The dress ended up fitting the customer perfectly. She ended up buying a pair of matching heels too, at Lita's suggestion.
As Lita rung her up, the customer asked, "Are you the manager here?"
"No, señora," she replied, handing the woman back her credit card. "I just work here."
The customer nodded in approval. "Well, you're very good."
Once the woman had left, Carmen stared at her associate in awe. "How do you do it?"
Lita dropped the smile to give her cheeks a break. "If there's anything I've learned in all my odd sales jobs, it's that any fire can be quenched with the right bucket of water."
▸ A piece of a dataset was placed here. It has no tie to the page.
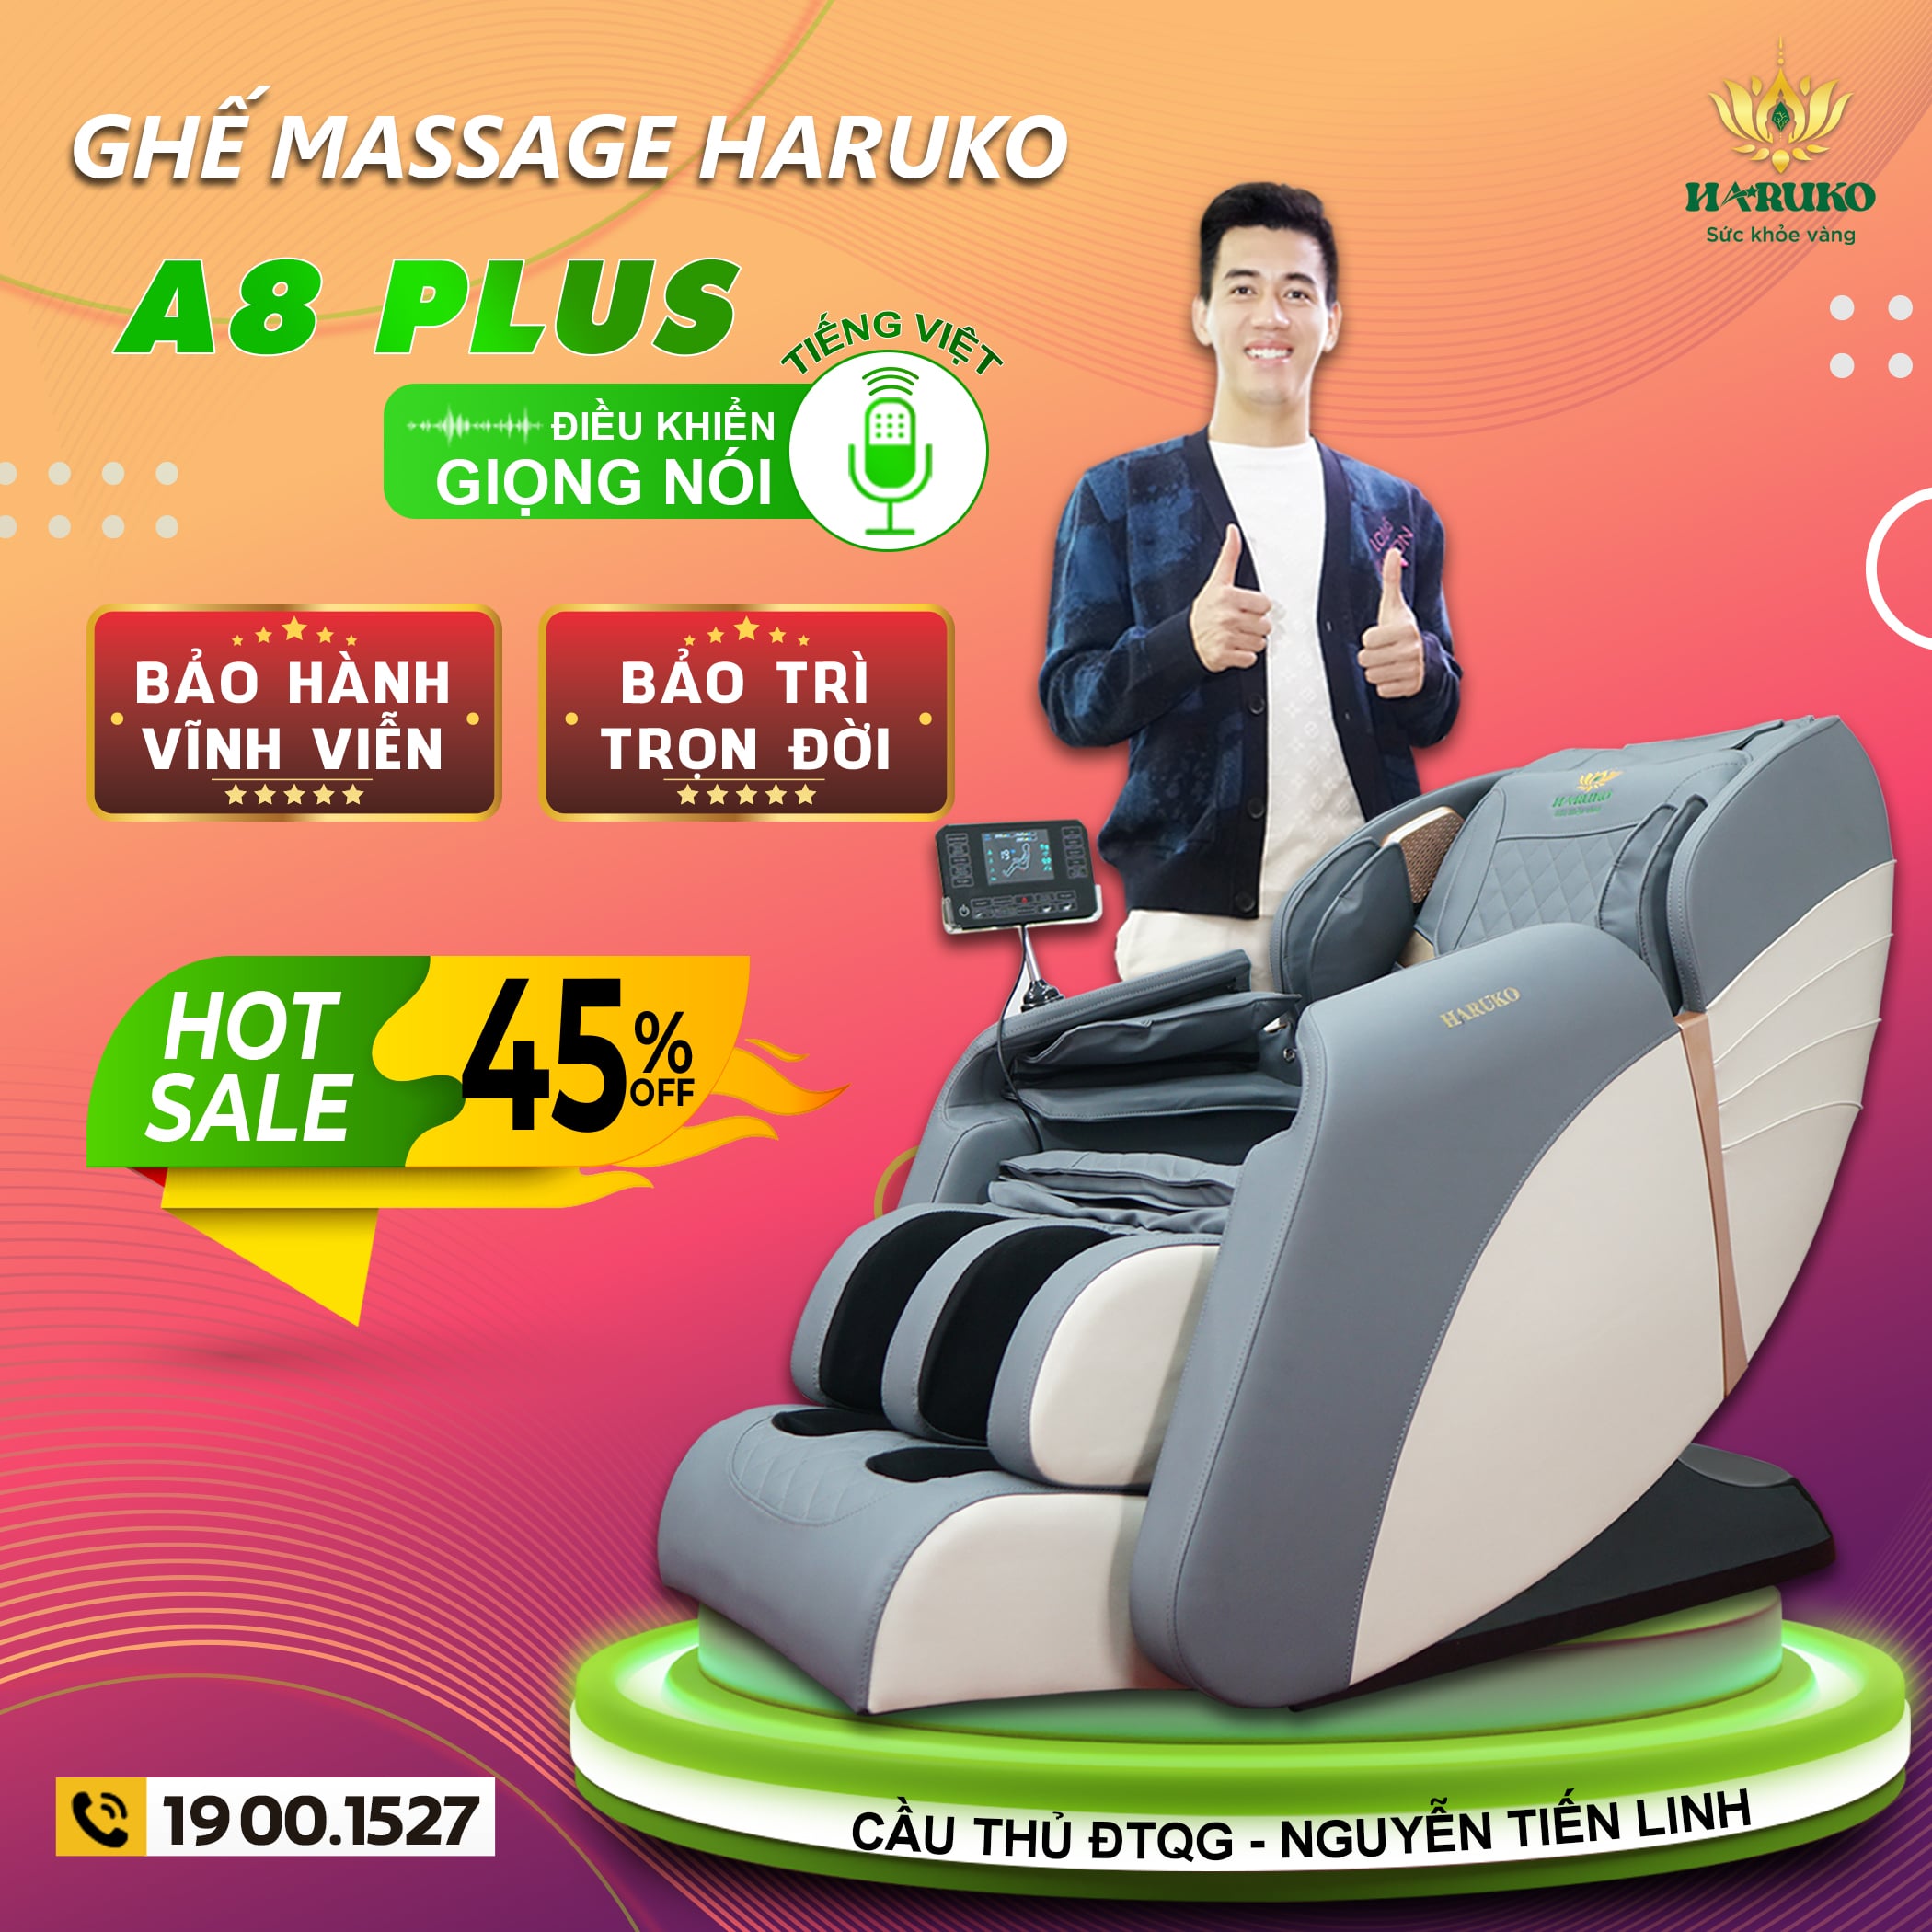 Haruko-A8 là mẫu ghế massage sở hữu nhiều tính năng ưu việt đón nhận được rất nhiều sự quan tầm kể từ ngày đầu ra mắt

Carmen scrunched her nose in confusion.
"Yeah, not the best metaphor. I just mean everyone wants something, and some people are gonna be difficult about it. Even try to bully ya into bending the rules. You just gotta show 'em ya can't be intimidated."
"But…what if I am intimidated?"
Lita laughed. "Well, you can't let them know that. And if you don't have what they want, give them a better offer and make them believe that's all they wanted in the first place."
Carmen tilted her head. "What are you? A salesperson or a con-artist?"
With a shrug, Lita replied, "Who says there's a difference?"
Just then, the door to the manager's office opened and a bald tan head poked out.
"Lita," the man said, his tone serious. "You're here. Come into my office. I need to speak with you."
When the door shut, Carmen looked over at Lita, who appeared nervous. "What'd you do?"
Lita shook her head and put up a smile. "It's probably nothing. You okay for a few minutes?"
Carmen nodded and Lita made her way to the office. Her smile faltered once she was sure her colleague wasn't looking.
Does he know? Her shoulders tensed. Relax, Lita. If you act like something's wrong, he'll know something's wrong. Just do what you do to chill.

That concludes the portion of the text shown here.